- Title screen capture
- Created by: Neil Munro
- Starring: Gregor Fisher Rikki Fulton Carolyn Pickles Sean Scanlan Andrew Fairlie Paul Young
- Music by: Phil Cunningham
- Country of origin: Scotland
- Original language: English
- No. of series: 2
- No. of episodes: 9

Original release
- Network: BBC1
- Release: 31 July 1994 – 21 August 1995

= The Tales of Para Handy =

Scottish television series, 1994–1995

The Tales of Para Handy is a Scottish television series set in the western isles of Scotland in the 1930s, based on the Para Handy books by Neil Munro. It starred Gregor Fisher as Captain Peter "Para Handy" MacFarlane, Sean Scanlan as first mate Dougie Cameron, Rikki Fulton as engineer Dan Macphail and Andrew Fairlie as Sunny Jim. These four made up the crew of the puffer Vital Spark which was employed by the Campbell Shipping Company, headquartered in Glasgow and run by Andrew Campbell (Paul Young), Para Handy's brother-in-law and owner of the Vital Spark.
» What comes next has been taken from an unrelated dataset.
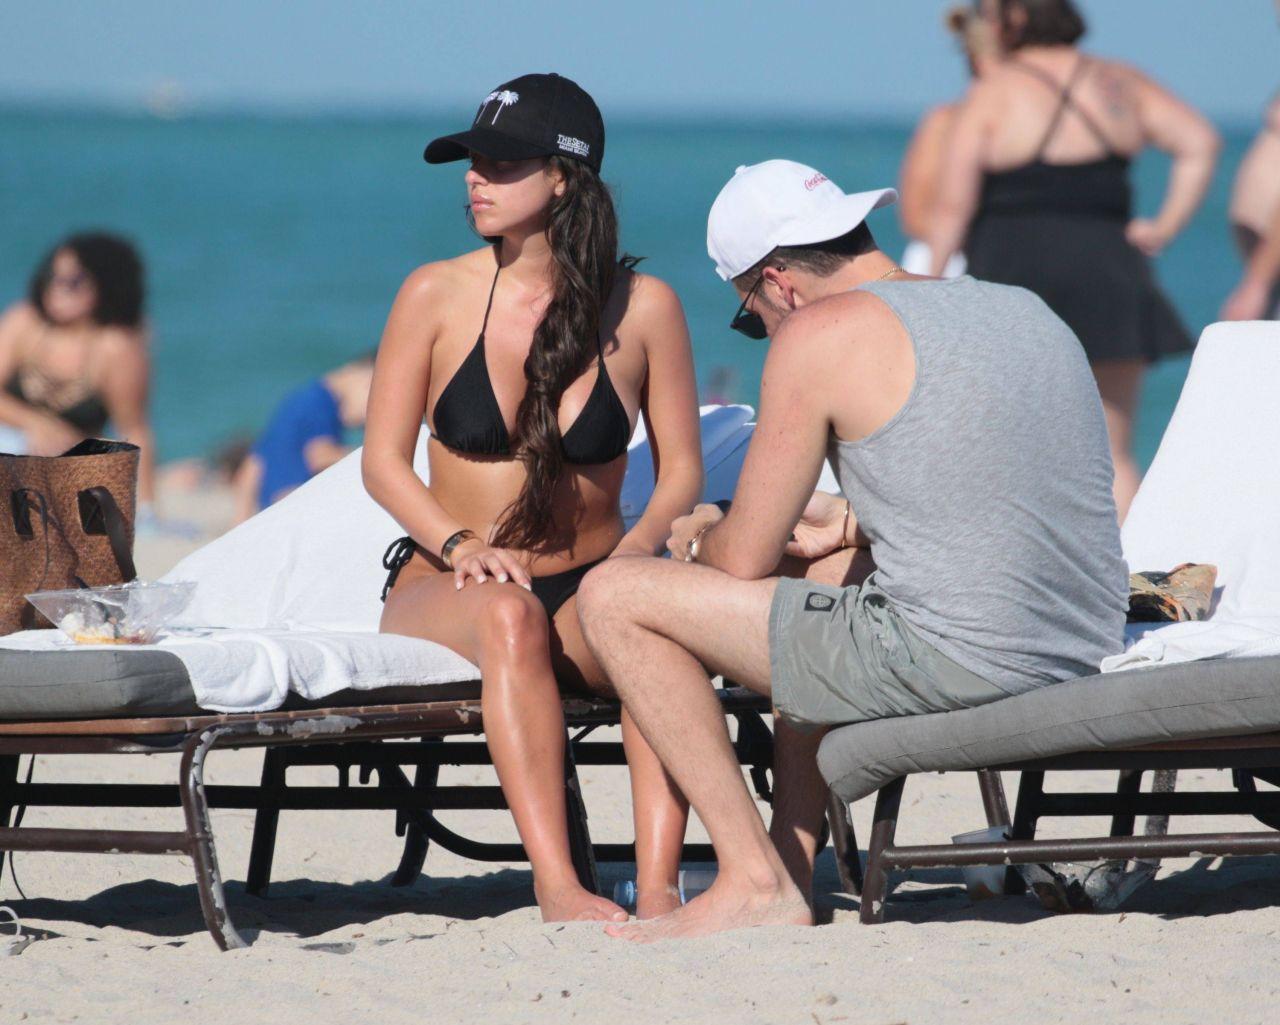 Shira Yaakov in Bikini at the beach in Miami Pic 9 of 35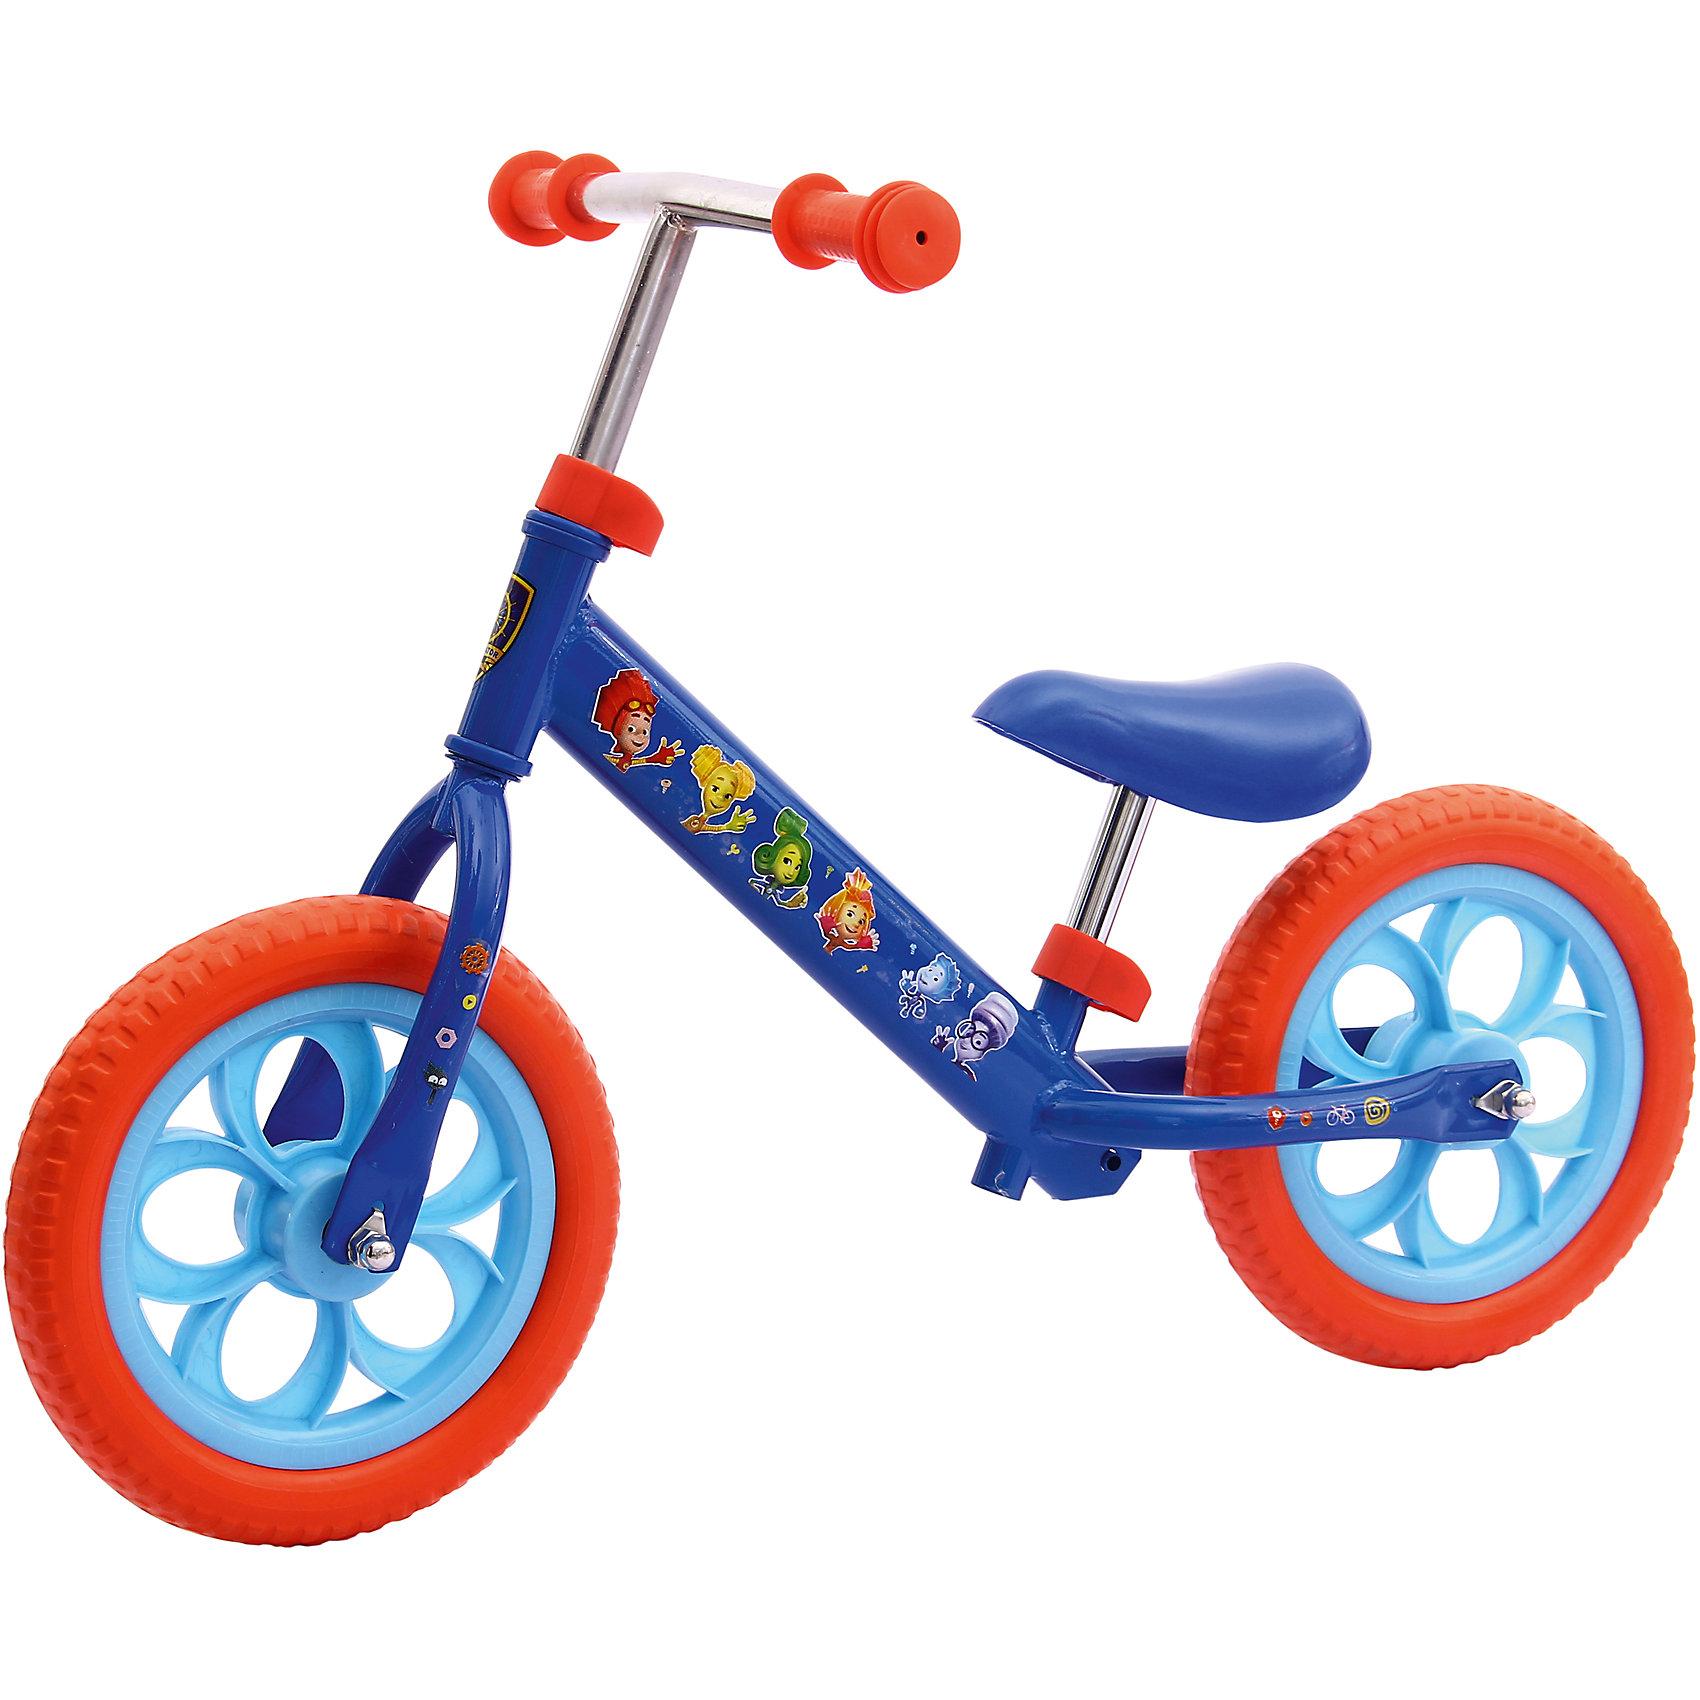 Беговел, Фиксики, NavigatorБеговелы<br>Беговел, Фиксики, Navigator (Навигатор)<br><br>Характеристики:<br><br>• колеса плавно едут по дороге<br>• высота сиденья регулируется<br>• яркий дизайн в стиле мультфильма Фиксики<br>• диаметр колес - 12 дюймов<br>• максимальная нагрузка: 35 кг<br>• материал колес: EVA<br>• размер: 88х42х56 см<br>• материал: сталь<br>• размер упаковки: 16х32х57 см<br>• вес: 3,520 кг<br><br>Первое транспортное средство ребенка должно быть красивым и безопасным. Беговел Navigator  изготовлен из качественных прочных материалов, а его рама украшена изображением героев мультфильма Фиксики. Высота сидения регулируется. Ручки очень удобны для ребенка. Колеса из EVA-полимера очень легкие и хорошо передвигаются по дороге. Кататься с любимыми героями очень весело и интересно!<br><br>Беговел, Фиксики, Navigator (Навигатор) вы можете купить в нашем интернет-магазине.<br><br>Ширина мм: 570<br>Глубина мм: 320<br>Высота мм: 160<br>Вес г: 3520<br>Возраст от месяцев: 36<br>Возраст до месяцев: 2147483647<br>Пол: Мужской<br>Возраст: Детский<br>SKU: 5440863

The series followed the Vital Sparks adventures around the coastal waters of west Scotland and the various schemes that Para Handy would get himself and his crew involved in. These involved transporting a bull aboard the Vital Spark, trying to marry Sunny Jim off, avoiding the sale of the Vital Spark by Campbell and being held hostage at gunpoint by religious extremist Donald MacDonald (Iain McColl).

Most of the guest stars in the series were well known faces in Scottish comedy and had starred in the sitcom Rab C. Nesbitt, which also stars Gregor Fisher in the title role. An episode of the second series, "Para Handy's Piper", guest starred future Doctor Who actor David Tennant in one of his early acting roles.

The music for the series, including the theme, was written and composed by Scottish folk musician Phil Cunningham. The theme tune is a composition entitled "Manus Lunny's Terracotta Plower Pop".

It ran from 31 July 1994 to 21 August 1995 on BBC1 for a total of nine episodes.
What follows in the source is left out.